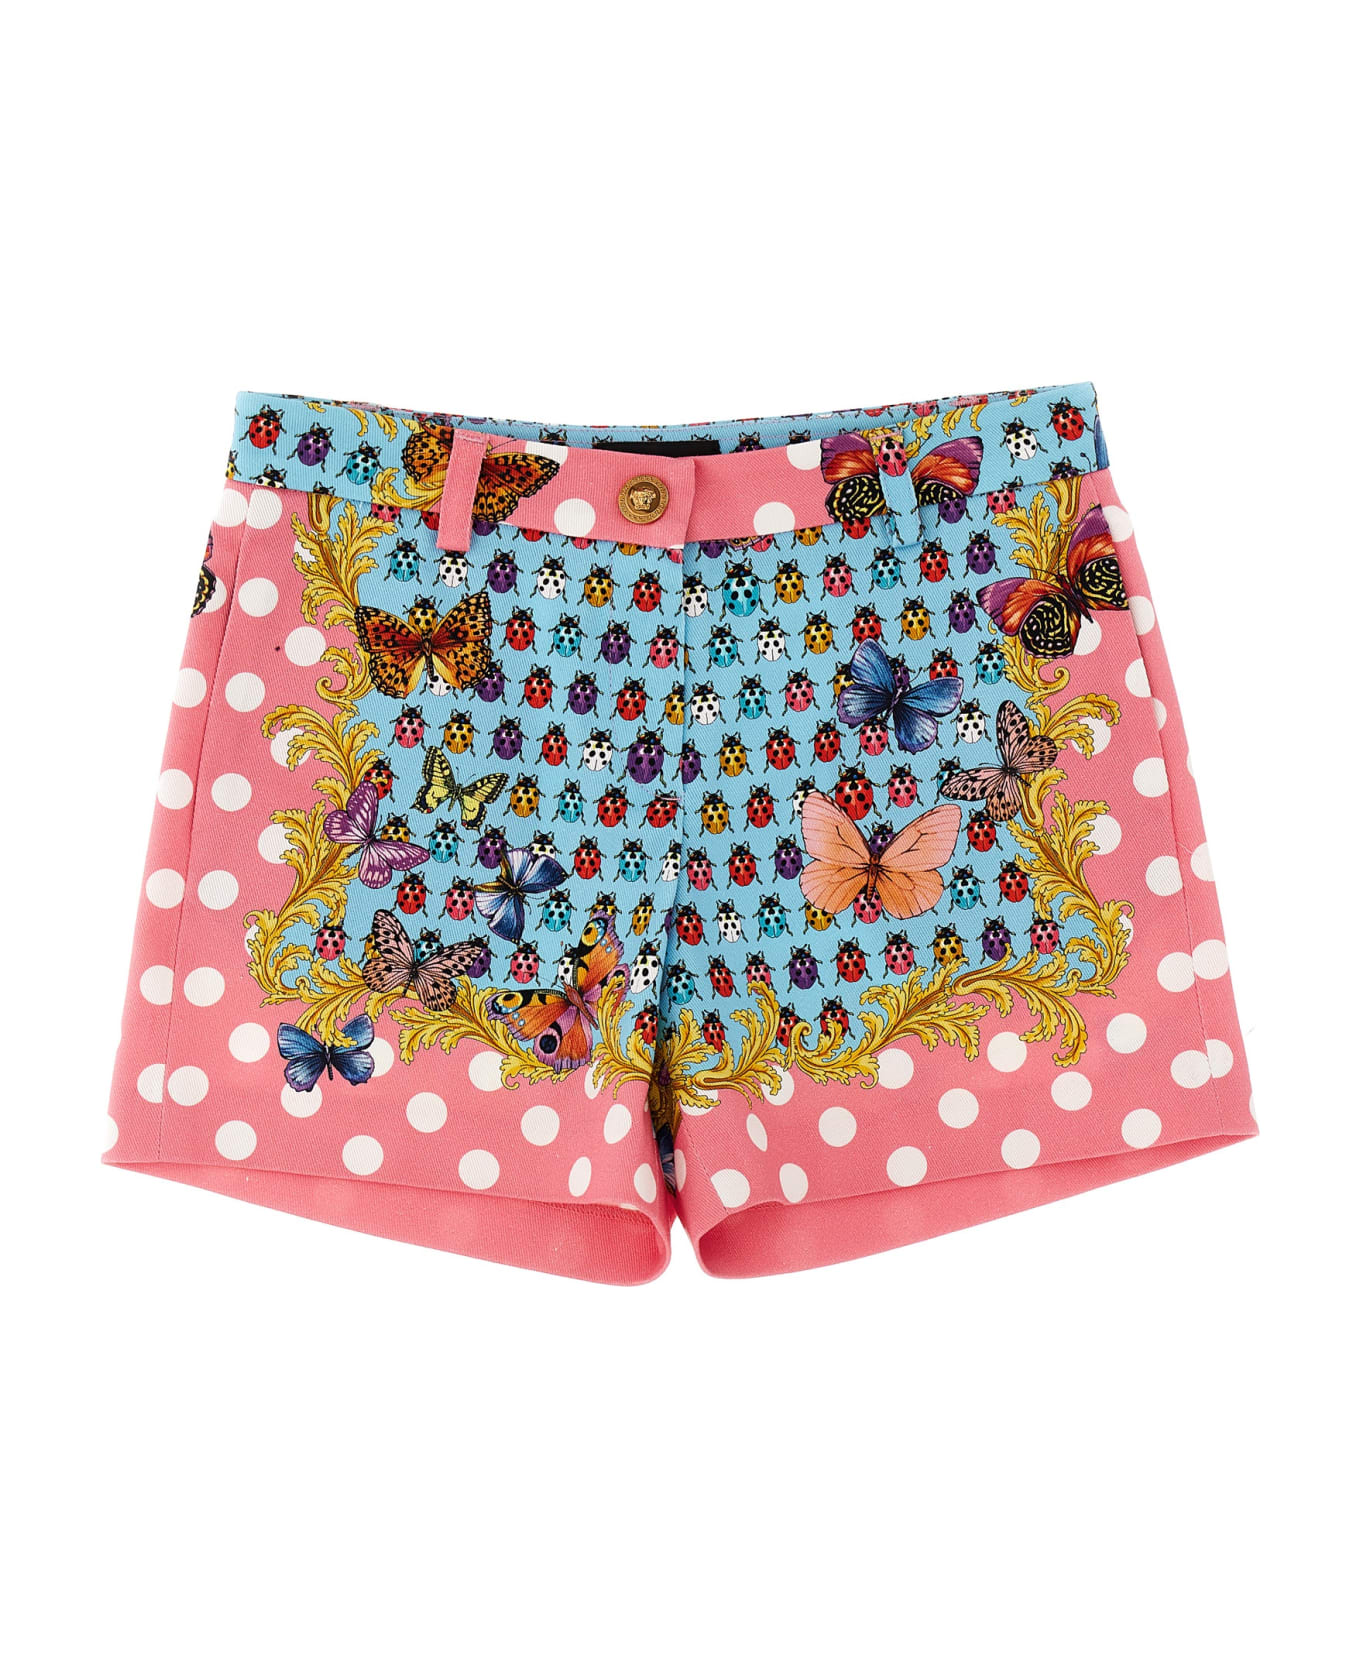 Versace 'heritage Butterflies & Ladybugs Kids' Capsule The Vacation - Multicolor ボトムス
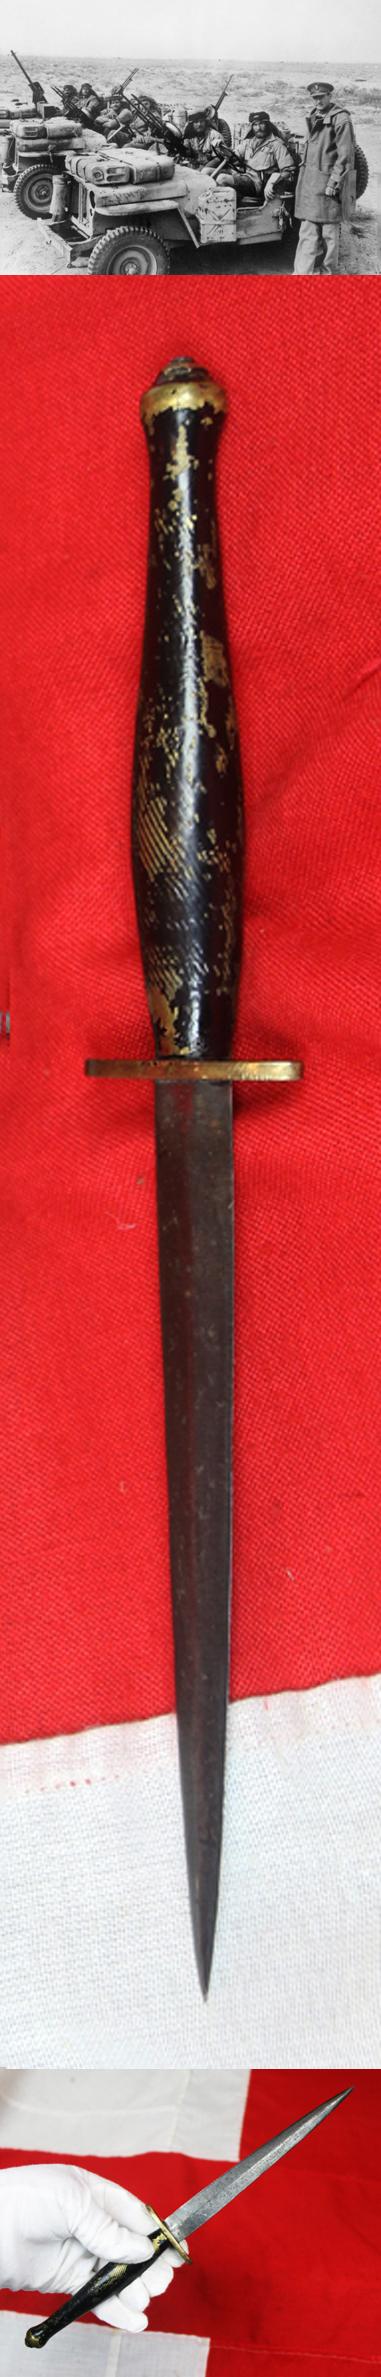 SOLD An FS Type Fighting Knife With Knurled Brass Hilt and Stilletto Blade
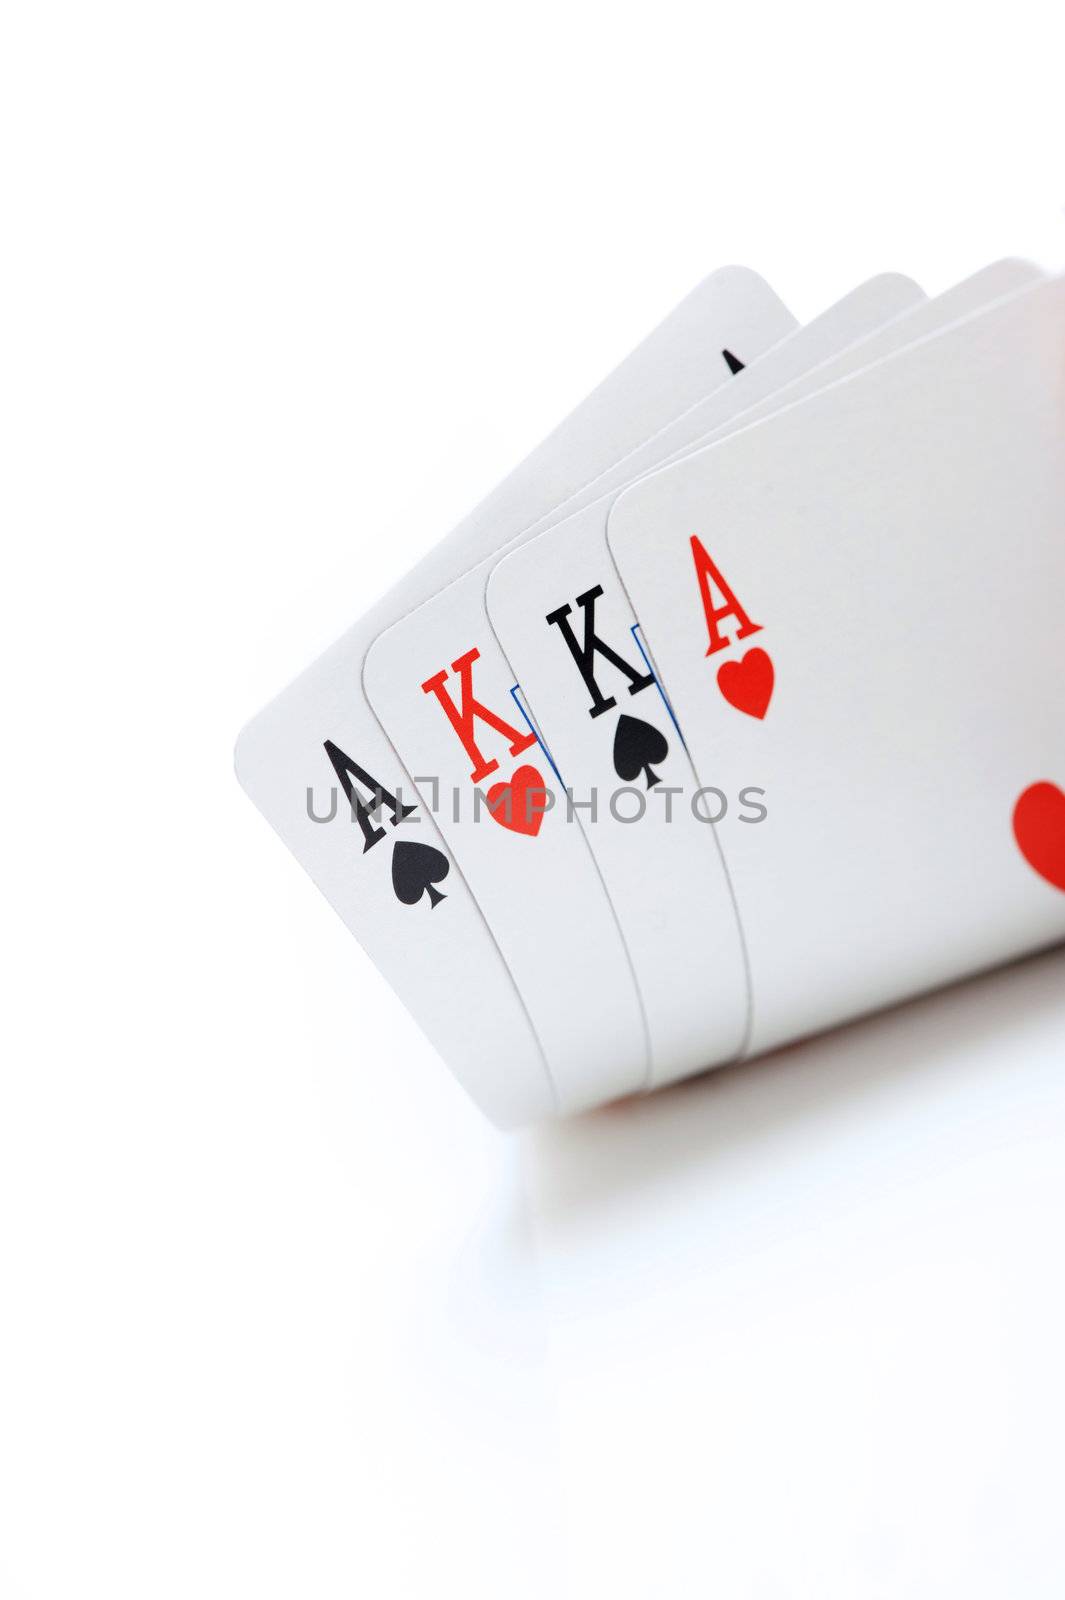 winning omaha starting hand, aces and kings by stokkete
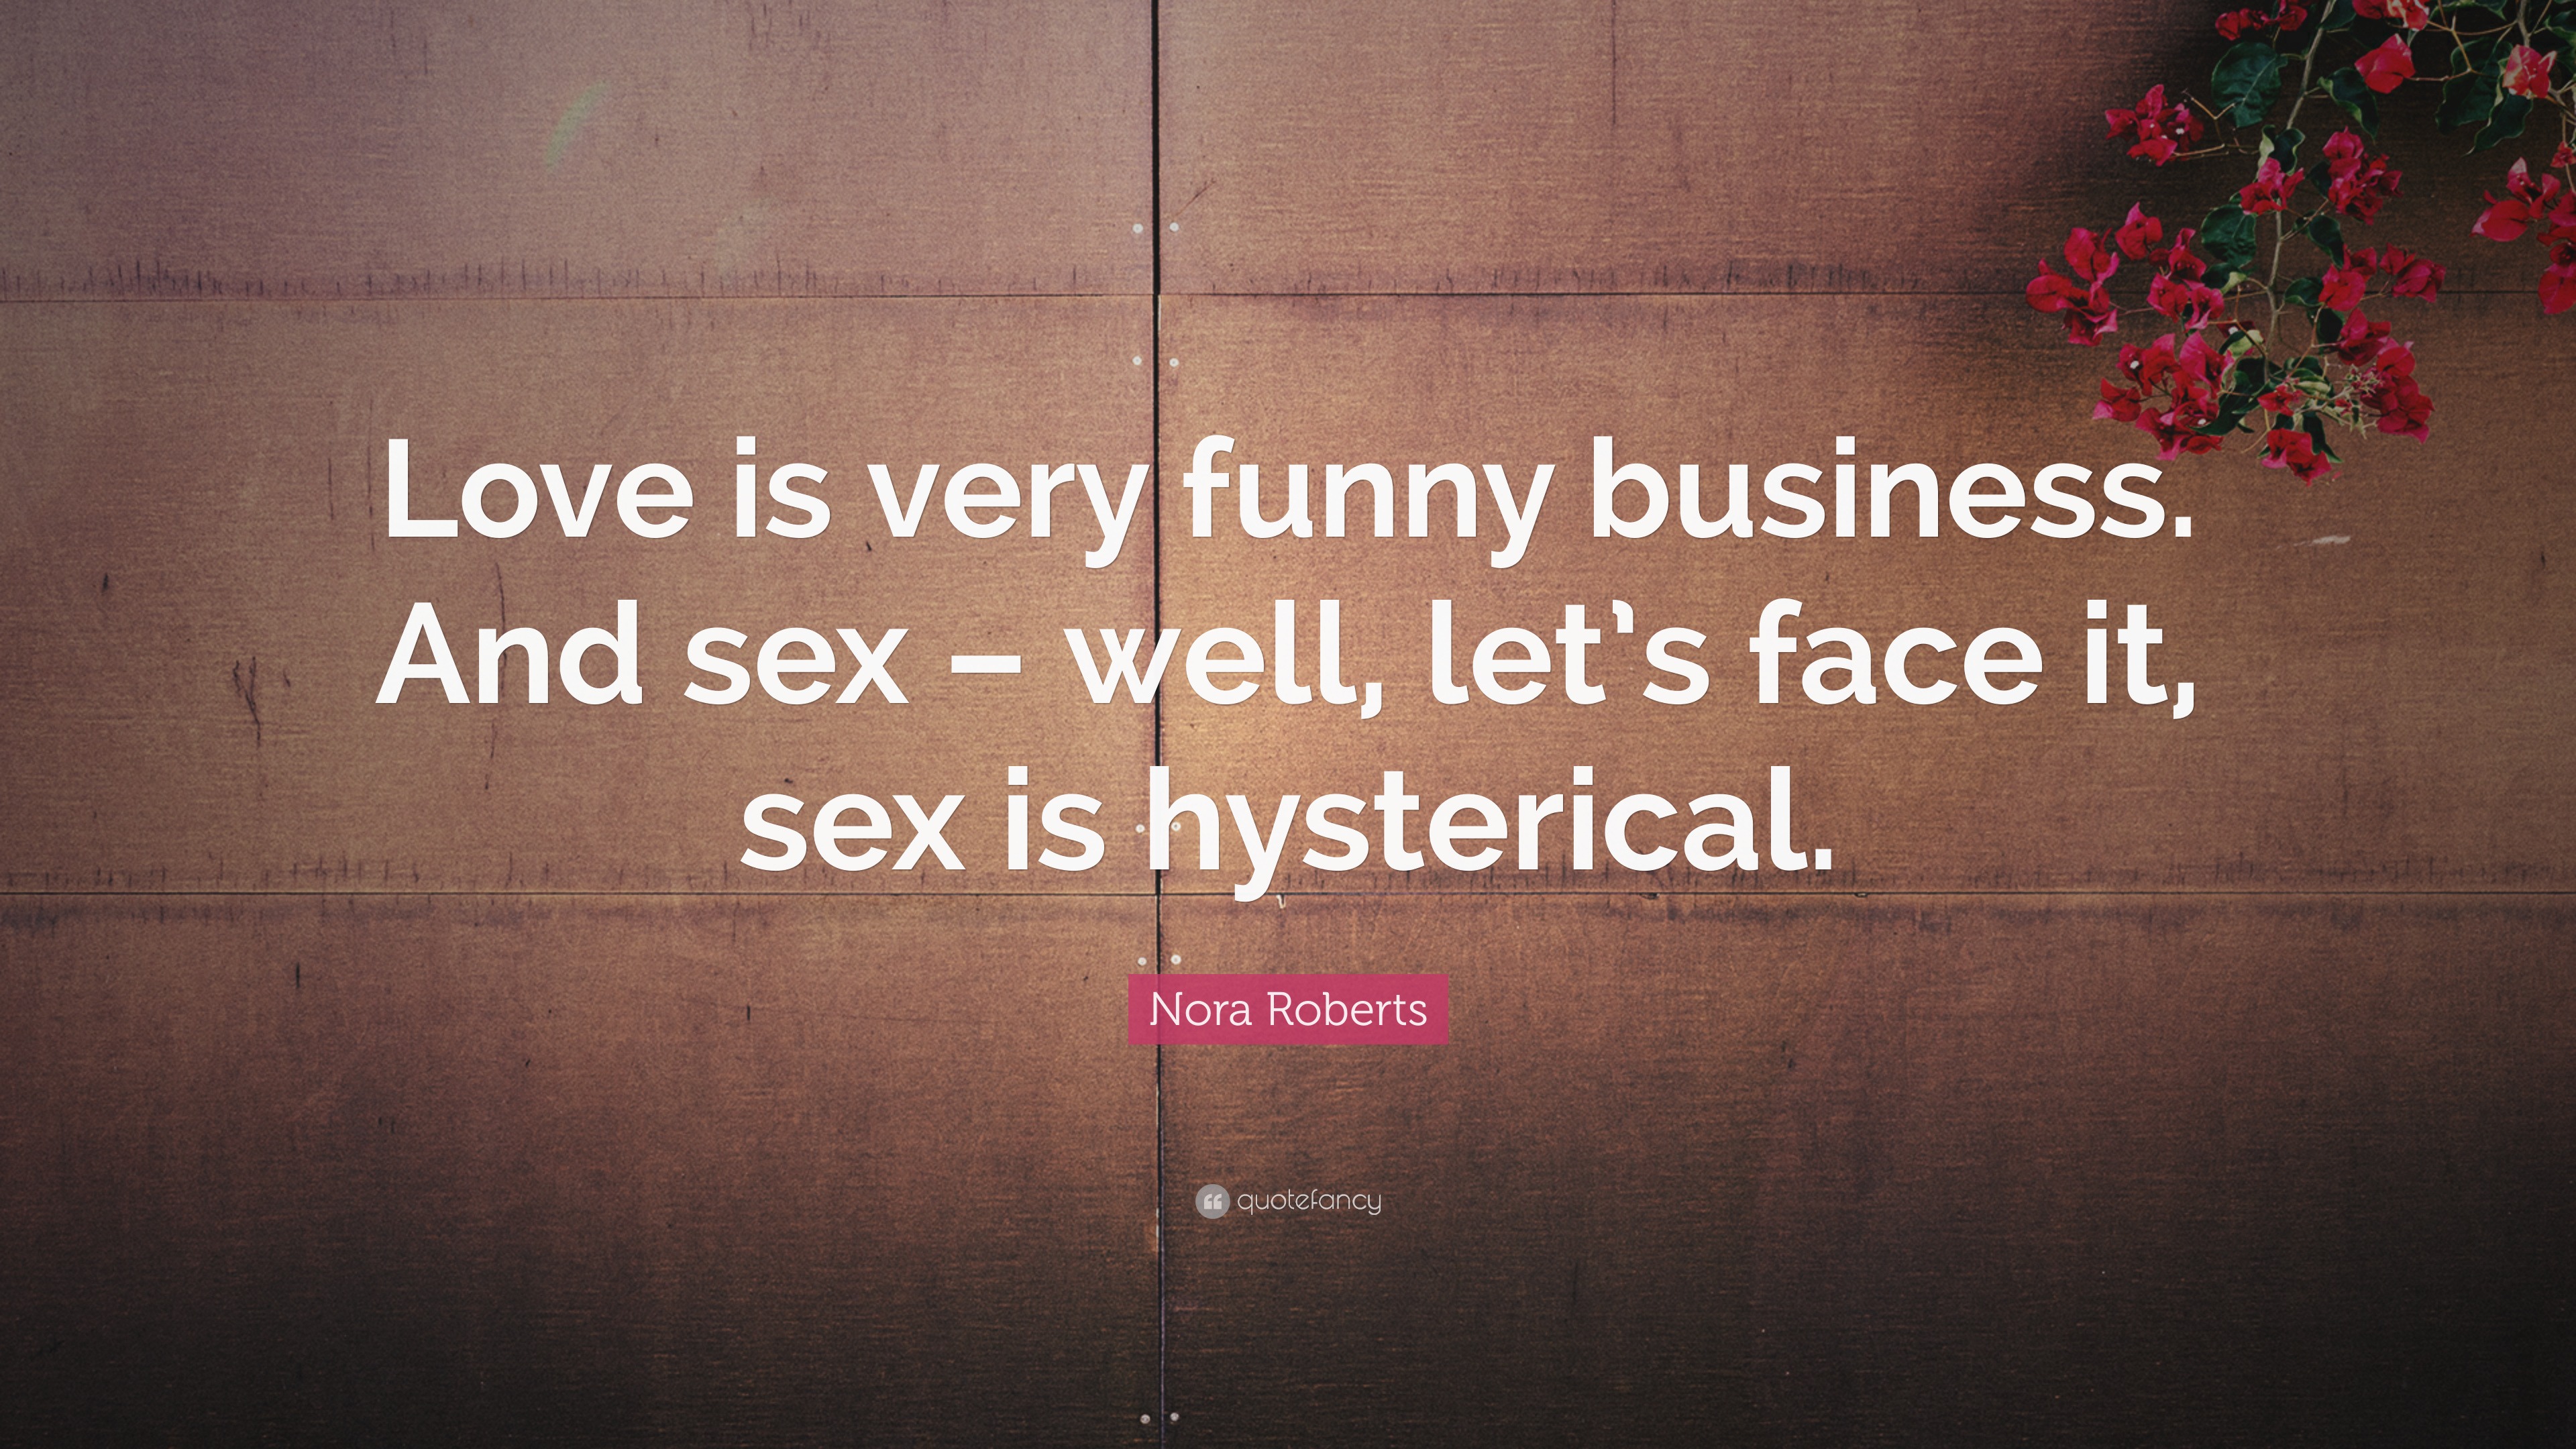 Nora Roberts Quote “love Is Very Funny Business And Sex Well Lets Face It Sex Is Hysterical”

# What you will do:
Output the line containing "SOLD An FS Type" and each line after it, through the end of the material, exactly as given. No pictures belong in the output.

# Solution:
 SOLD An FS Type Fighting Knife With Knurled Brass Hilt and Stilletto Blade
 winning omaha starting hand, aces and kings by stokkete
 Nora Roberts Quote “love Is Very Funny Business And Sex Well Lets Face It Sex Is Hysterical”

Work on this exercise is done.